Our Town

May 16, 2009 00:30

Our Town. Thornton Wilder's sentimental, multi-charactered mainstay of highschool drama clubs and amateur theatricals. Love, death, the turning of the seasons, and not a dry eye in the house. Stereotypes all around: the gruff but kindly Doctor, the crusty Editor of the town newspaper, their interchangeable and wistful Wives, the Town Drunk, the Young Lovers, and a Stage Manager with a bay window, a turnip watch, and a twinkle in his eye. Is there anyone in the world who hasn't seen it at least once?

Well, I thought I hadn't, until very near the end, when I flashed on a production mounted by the Upper School Drama Club that I saw when I was maybe 10, with the ingenue in her wedding dress reliving her 12th birthday after her death in childbed. I'd heard David Cromer's production was different from any other production of the play, ever. And I'd have to say that's a fair description. It was also beautifully acted, incredibly thoughtful and moving. And not sentimental in the least.
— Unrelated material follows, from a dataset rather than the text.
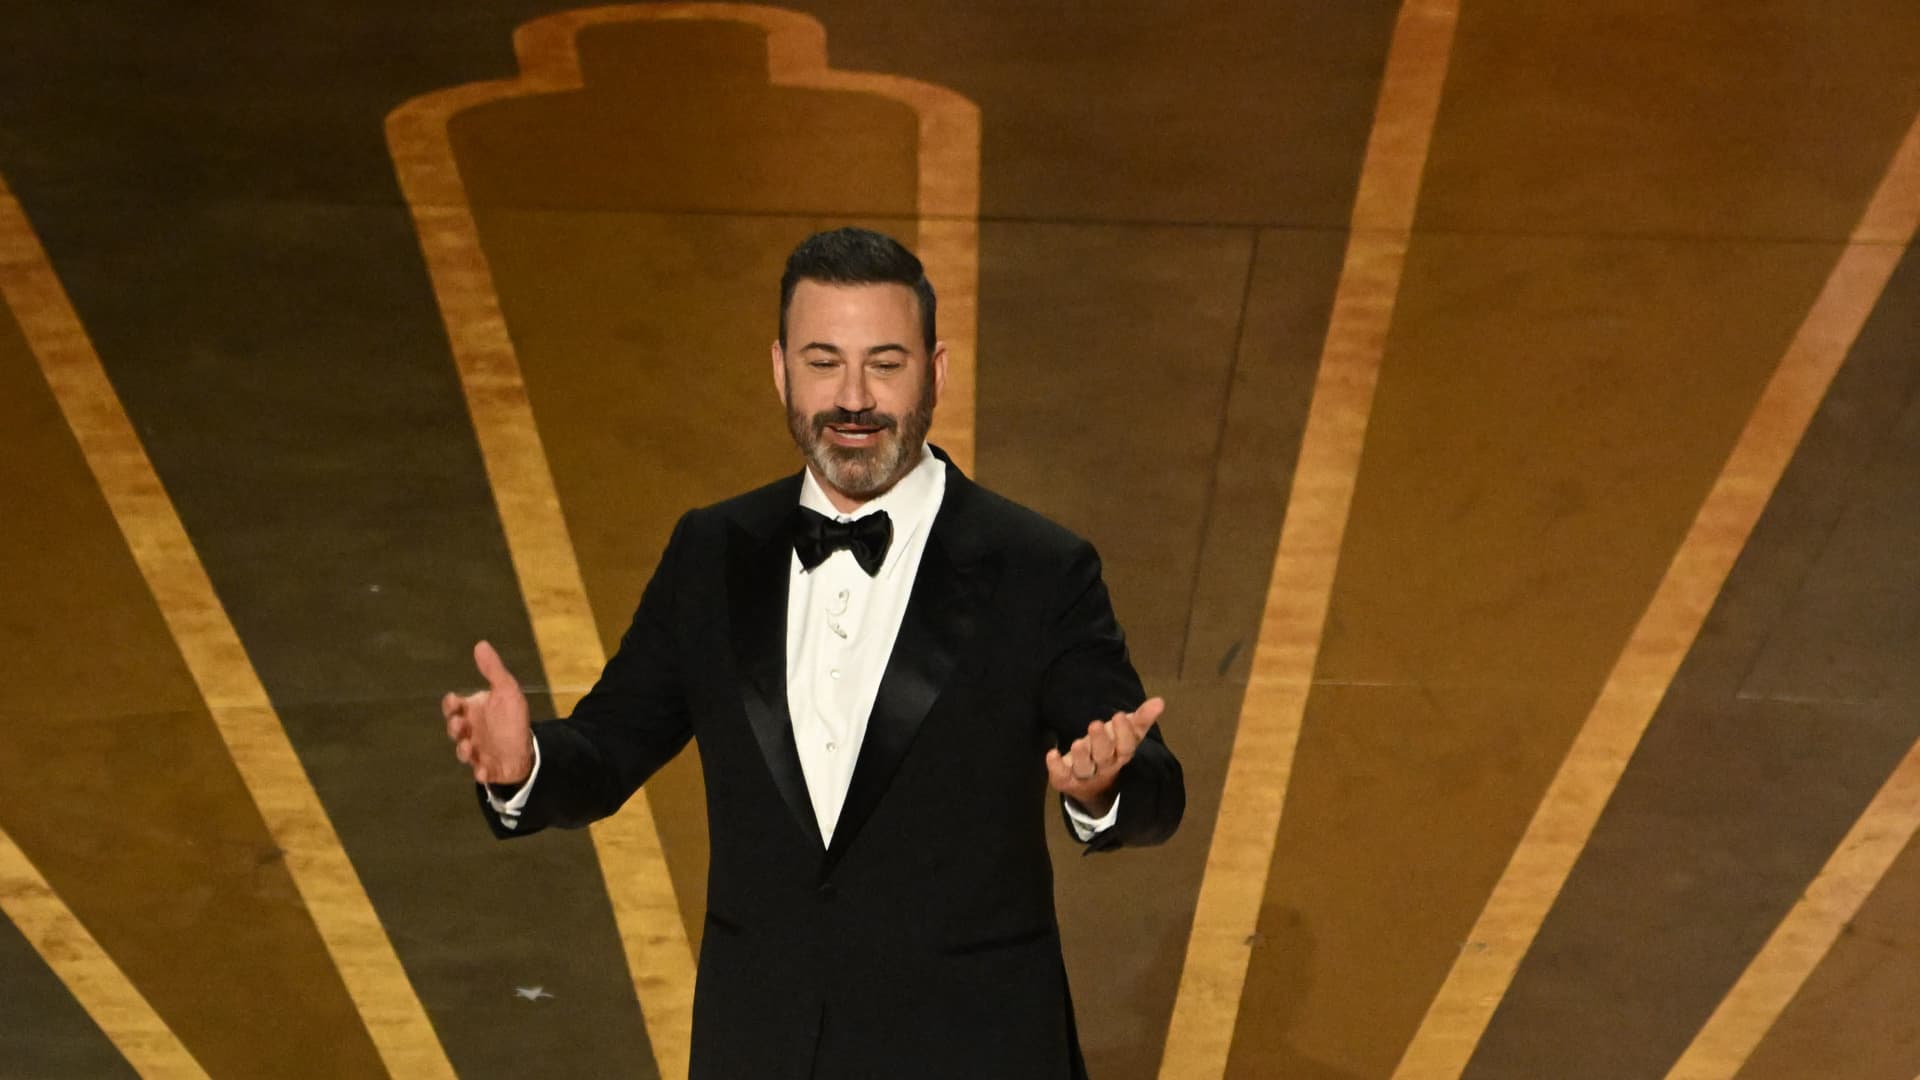 TV host Jimmy Kimmel speaks onstage during the 95th Annual Academy Awards at the Dolby Theatre in Hollywood, California on March 12, 2023.

A little of this was owing to the costuming, which was pretty much jeans and cotton shirts and blouses. The modern dress worked fine, although it bothered the three of us (Ellen and I went with her mother) that none of the women wore skirts, not even to Emily and George's wedding, but we're like that. But most of it was due to David Cromer's re-structuring of the play and to Scott Parkinson, who played the Stage Manager dry and wry and brisk to the point of impatience. There were speeches where I was dimly aware that he was working so hard against the material that he was close to being annoying, but he never quite got there. When he played the minister who married Emily and George, he was electrifying.

And there's a scene near the end, which I won't describe because that would be telling, that just raised the hair at the back of my neck.

We laughed. We cried. And the play itself is going on the ever-lengthening list of Things I Will Read as soon as the WFA death-march is over--along with Iain Pears's new book, Stone's Fall, which I saw yesterday in the window of McNally Jackson.